Which is my worry, too.
In the end we're having a massively large array space (128bit if we take the 
numbers as they stand today), of which only a _tiny_ fraction is actually 
allocated.
We can try to reduce the array space by eg. restricting channels and targets to 
be 16 bits, and the LUN to be 32 bits.
But then we'll be having a hard time arguing; "Hey, we have a cool new feature, 
which has a really nice interface, but we can't support the same set of devices 
as we have now...".
That surely will go down well.

Maybe one should look at using an rbtree directly; _that_ could be made to work 
with an 128bit index, and lookup should be fast, too.
Let's see.

But still, the original question still stands: what would be the most
efficient way using xarrays here?
We have a four-level hierarchy Host:Channel:Target:LUN
and we need to lookup devices (and, occasinally, targets) per host.
At this time, 'channel' and 'target' are unsigned integer, and
LUNs are 64 bit.

It certainly seems sensible to me to have a per-host allocating XArray
to store the targets that belong to that host.  I imagine you also want
a per-target XArray for the LUNs that belong to that target.  Do you
also want a per-host XArray to store the LUNs so you can iterate all
LUNs per host as a single lookup rather than indirecting through the
target Xarray?  That's a design decision for you to make.
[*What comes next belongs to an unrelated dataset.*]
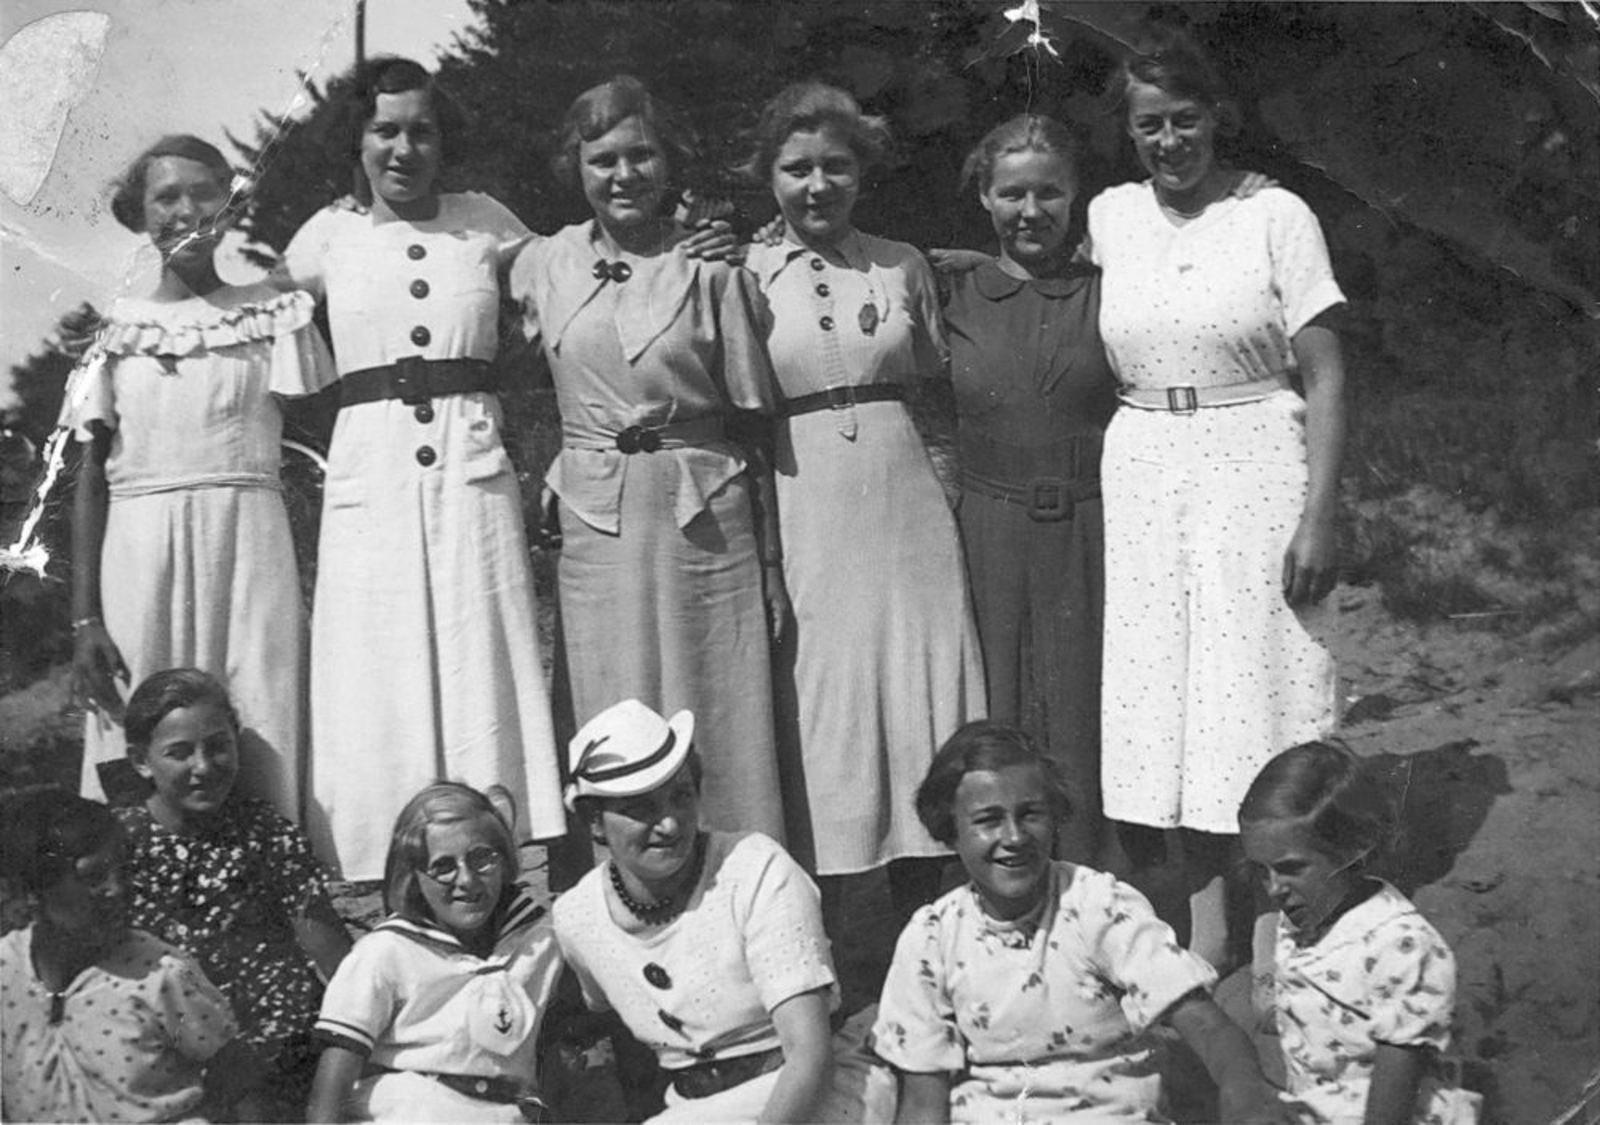 Meisjes Vereniging IJweg Gebouwtje v Brouwer 1935 02

Seeing that I'm trying to use the existing HCTL number as index it's quite hard 
to have a per-host lookup structure, as this would inevitably
require a separate LUN index somewhere.
Which would mean to have a two-level xarray structure, where the first xarray 
hold the scsi targets, and the second one the LUNs per target.
Not super-nice, but doable.

Still thinking about the rbtree idea, though.

You already have one, and it handles its own locking. It is called xarray :-)

Circling back to where I started: xarrays that allocate their own indexes.

Apart from the LUN ***, the other indexes tend to be monotonic increasing, most
of the time, correct Hannes? So thinking about an xarray in a shost object
with pointers to starget objects. At run time if say a target disappears,
often another appears either with the same target_id or a larger target_id,
perhaps larger than any previously issued id. So with careful insertions
(xa_alloc() will allow us to precisely position replacements) we can maintain
that monotonic ascending order. As I showed in patch 6/6 we can easily
track the number of elements in each xarray, lets call it 'n'. For
n < 12 (say) we don't care and just do O(n) iterator searches. For n >= 12
we check if the xarray is in ascending order, if it isn't, we sort it by
the index we want (e.g. channel_id,target_id). For elements that we
change positions of, in the xarray, we need to change the variable I called 
'sh_idx' (i.e. the xarray index) in the corresponding starget object.

Why do this, to do a binary search when n >= 12, of course. Lookup time
is then O(ln(n)) with only around ln(n) cache-unfriendly visits to starget
objects.

And that sort can be much better than O(n.ln(n)) since at the point of an
insertion, if the xarray was known to be sorted before the insertion,
then we only need as single iteration through the xarray to place the
new element in the correct position. After that it would be handy to
xa_swap() function that gave us the new xarray index. Making sure the
xarray indexes don't become too sparse might also be addressed in the
sort.

Question to Matthew:
Will xa_find(&xarray, &idx, full_range, 0)
return NULL _and_ place the index of the lowest "hole" in that xarray
(or 1 beyond the upper limit of the range) in 'idx' ?

Note to others: the last argument in a typical xa_find() call
is either XA_PRESENT or some other mark the app is using, not 0.

Doug Gilbert

*** the SCSI REPORT LUNS command doesn't say anything about the _ordering_
    of LUNs or even if it is stable from one invocation to the next.
    There is nothing to stop the scsi_scan.c code from sorting the LUN
    inventory before applying it to the ML object tree.